Do you have any proof or suggestions that state otherwise. I am open and would appreciate any help or knowledge you may be willing to share? I am fairly new at this and am learning as I go. Fortunately I work in the industrial inspection industry and I have many contacts and resources enough to start a business in recovery. Which I have pursued. Any information would be welcome. Thanks for your concern and help. 


Best regards
Michael


----------



## Mmon2616 (Jul 8, 2014)

I understand that automatic processors fixer are changesd regularly but I am getting manual fix. 

I have been experimenting with several methods of recovery

Method 1 is zinc. I drop the silver with zinc then do a 20% sulphuric bath to remove most left over zinc that did not convert. Then I dissolve in nitric. Then cement out with copper. 

Method 2 is steel shavings. I can't really explain the unit I created but I've made 4 prototypes. I connect them to the tanks I have at my clients place of business and I change them out every 30 days to take contents and melt then dissolve and cement . 

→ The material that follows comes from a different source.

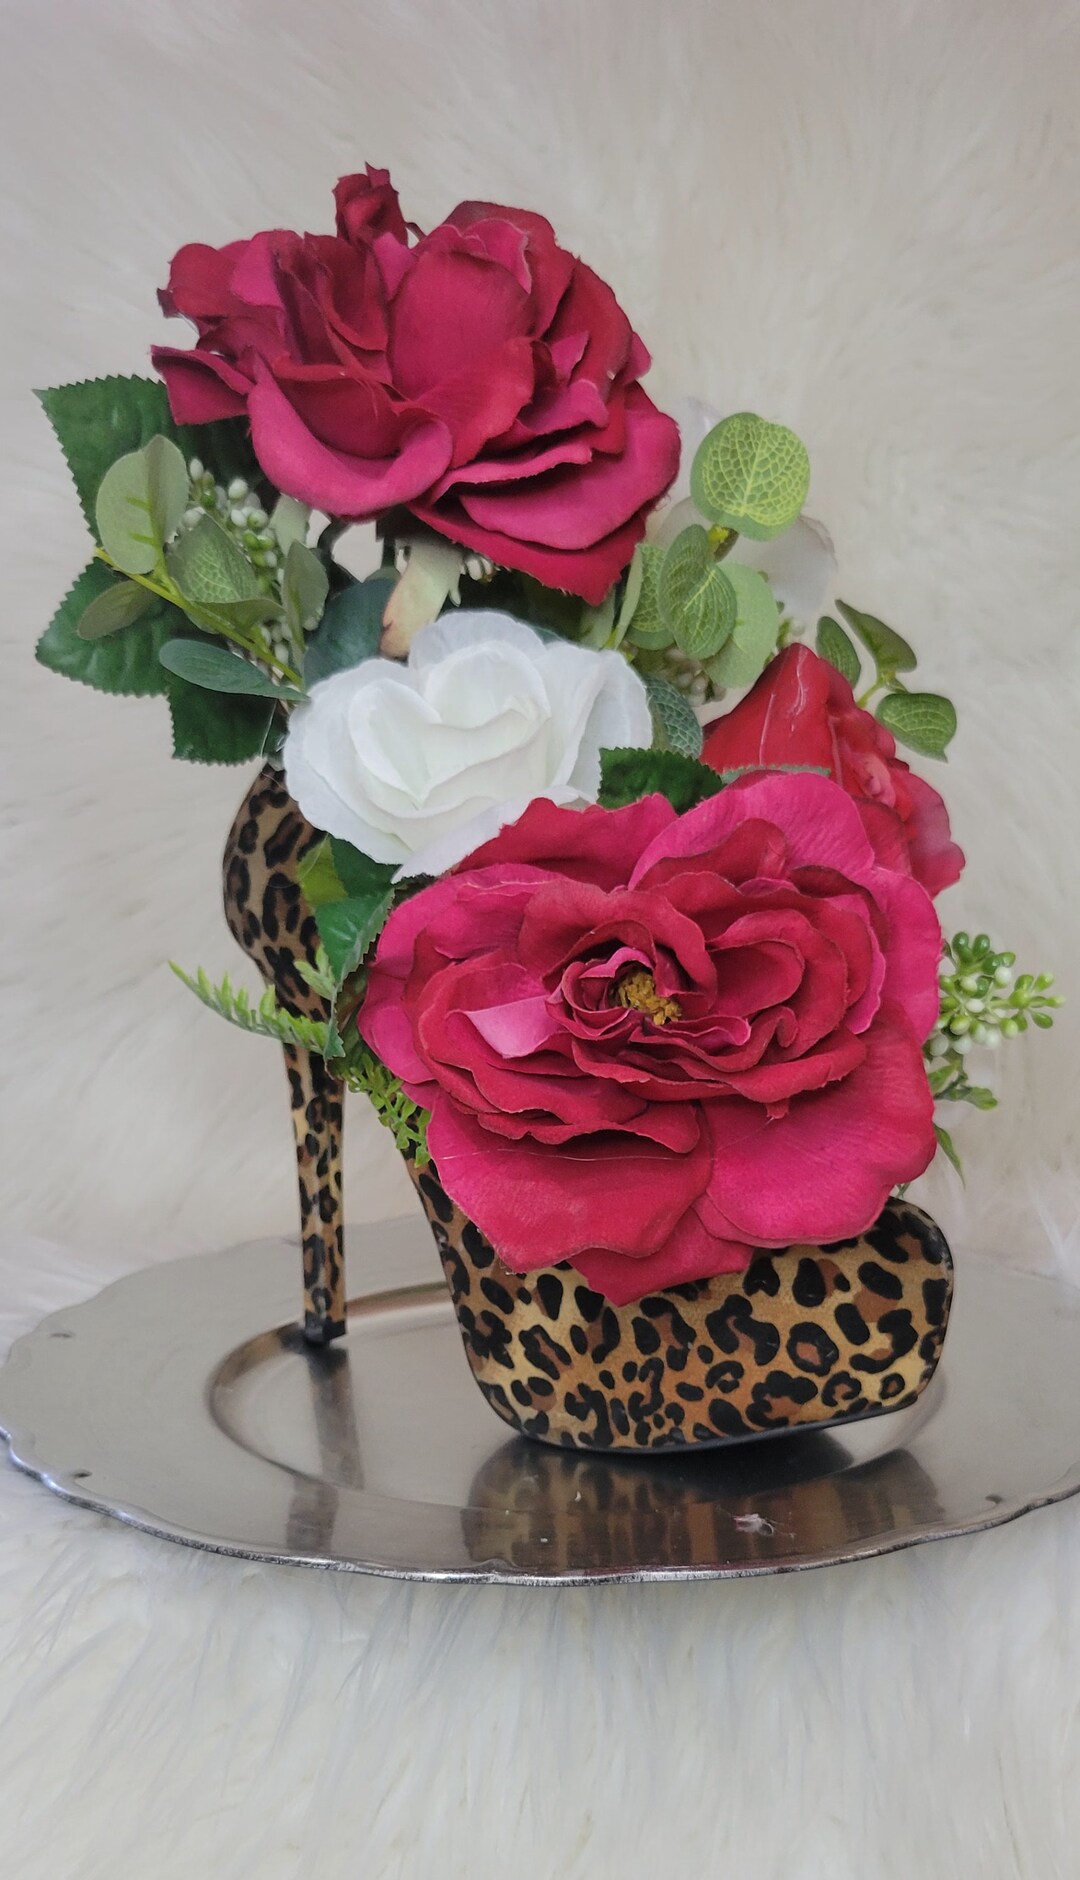 Cheetah Print High Heel Vase, Centerpiece, Shoe Bouquet, Unique Floral ...

Method 3 I am working on recovering electrically.

I am still learning and trying to experiment with all methods to find the easiest cheapest way to do it with as little time in as possible. The units I have created are just basically plug and sit. It catches %99 of the silver. The fixer never has to leave the job site. But it's still a work in progress. 


If my clients so choose I will also run their cut of the silver through a cell and put it in custom molds for them. There are no recovery or refiners within 90 miles of where I'm at and we have a super high concentration of industrial X-ray companies as I live in a place with at least 20 petroleum refineries among others. 

I may have taken it the wrong way but in this forum I have had many doubters and when you say doubt that generally means "do not believe". I understand not to many people see this type of fixer so I get it. I apologize. I am a honest and fair person and I am always here to help people as well. 

I am also willing to ship you some just so you can experience it for fun. I am generous and want people to have as much fun as I am. May sound strange or ridiculous but I don't care that just the way I am.

Have a great evening and an even better tomorrow
Michael.


----------



## Mmon2616 (Jul 8, 2014)

By the way. It's not every batch of fixer I get. It's only a few a month that are that saturated. Like I said it gets so saturated that it starts to drop silver chloride. I also have a bunch of unexposed film so I try to push it further when I get it .


----------



## fonnie (Jul 8, 2014)

I've created something to go the electrolysis way
see my other post.

http://goldrefiningforum.com/phpBB3/viewtopic.php?f=50&t=20201&p=207654#p207654

quite a simple setup, but it seems to work well.

plastic box, arc-air carbon anode and stainless steel strips for the cathode, DC supply and a pump to keep it moving.

It's ok for smaller quantity, not for huge amounts.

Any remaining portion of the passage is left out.